The First Affiliated Hospital of Chongqing Medical University, Chongqing Key Laboratory of Ophthalmology and Chongqing Eye Institute, Chongqing, People's Republic of China.
Invest Ophthalmol Vis Sci. 2013 May 9;54(5):3360-5. doi: 10.1167/iovs.13-11615.
Janus kinase 1 (JAK1), JAK2, and signal transducer and activator of transcription 3 (STAT3) play an important role in Th1 and Th17 differentiation and gene polymorphisms of these factors have been demonstrated to be associated with certain autoimmune diseases. The present study was performed to assess the association between JAK1, JAK2, and STAT3 polymorphisms and Vogt-Koyanagi-Harada (VKH) syndrome in a Han Chinese population.
A case-control study was performed in 737 Chinese VKH syndrome patients and 809 healthy controls from a Han Chinese population. The genotypes of three single-nucleotide polymorphisms (SNPs) (rs310230, rs310236, rs310241) in JAK1 were performed using an SNP genotyping system. Three SNPs (rs10758669, rs7857730, rs10119004) in JAK2 and four SNPs (rs6503695, rs744166, rs2293152, and rs12948909) in STAT3 were analyzed using polymerase chain reaction restriction fragment length polymorphism (PCR-RFLP). Hardy-Weinberg equilibrium (HWE) was tested using the χ(2) test. Genotype frequencies were estimated through direct counting. Allele and genotype frequencies were compared between patients and controls using the χ(2) test.

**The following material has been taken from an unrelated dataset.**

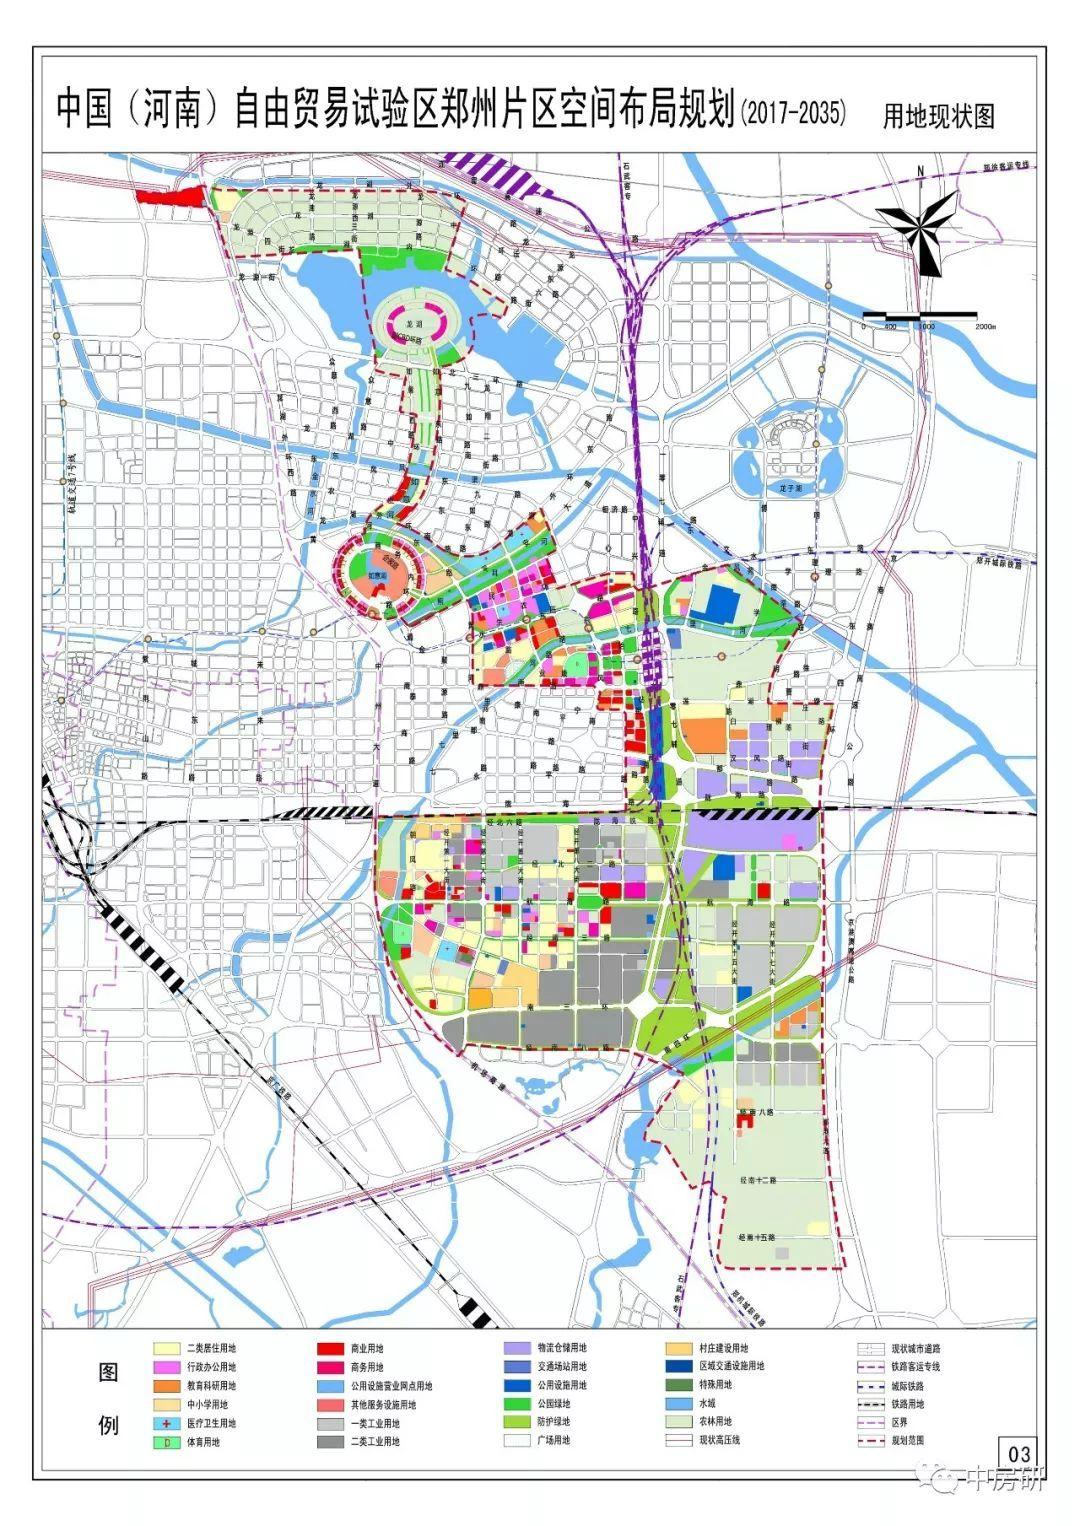 重磅 河南自贸区郑州片区规划公示出炉 金水 东区 经开等土地规划重大调整

There was no deviation from the HWE in all controls tested. Three SNPs, including rs310230, rs310236, and rs310241, in JAK1 were significantly associated with VKH syndrome (Pc = 0.008, 0.005, 0.001, respectively). None of the tested SNPs of JAK2 and STAT3 was associated with VKH syndrome. Stratification analysis according to headache, dysacusis, alopecia, poliosis, and vitiligo for VKH syndrome did not reveal an association.
These results suggest that JAK1 genetic polymorphisms, but not JAK2 and STAT3, are associated with the susceptibility to VKH syndrome.
Janus 激酶 1(JAK1)、JAK2 和信号转导和转录激活因子 3(STAT3)在 Th1 和 Th17 分化中发挥重要作用,这些因子的基因多态性已被证明与某些自身免疫性疾病有关。本研究旨在评估汉族人群中 JAK1、JAK2 和 STAT3 多态性与 Vogt-Koyanagi-Harada(VKH)综合征之间的关联。
对 737 例汉族 VKH 综合征患者和 809 例汉族健康对照进行病例对照研究。采用 SNP 基因分型系统检测 JAK1 中三个单核苷酸多态性(SNP)(rs310230、rs310236、rs310241)的基因型。采用聚合酶链反应限制性片段长度多态性(PCR-RFLP)分析 JAK2 中三个 SNP(rs10758669、rs7857730、rs10119004)和 STAT3 中四个 SNP(rs6503695、rs744166、rs2293152、rs12948909)。采用 χ2 检验检测 Hardy-Weinberg 平衡(HWE)。通过直接计数估计基因型频率。采用 χ2 检验比较病例组和对照组的等位基因和基因型频率。
所有对照均未偏离 HWE。JAK1 中的三个 SNP,包括 rs310230、rs310236 和 rs310241,与 VKH 综合征显著相关(Pc = 0.008、0.005、0.001)。JAK2 和 STAT3 中未检测到与 VKH 综合征相关的 SNP。根据 VKH 综合征的头痛、听力障碍、脱发、白发和白癜风进行分层分析,未发现相关性。
这些结果表明,JAK1 遗传多态性而非 JAK2 和 STAT3 与 VKH 综合征的易感性相关。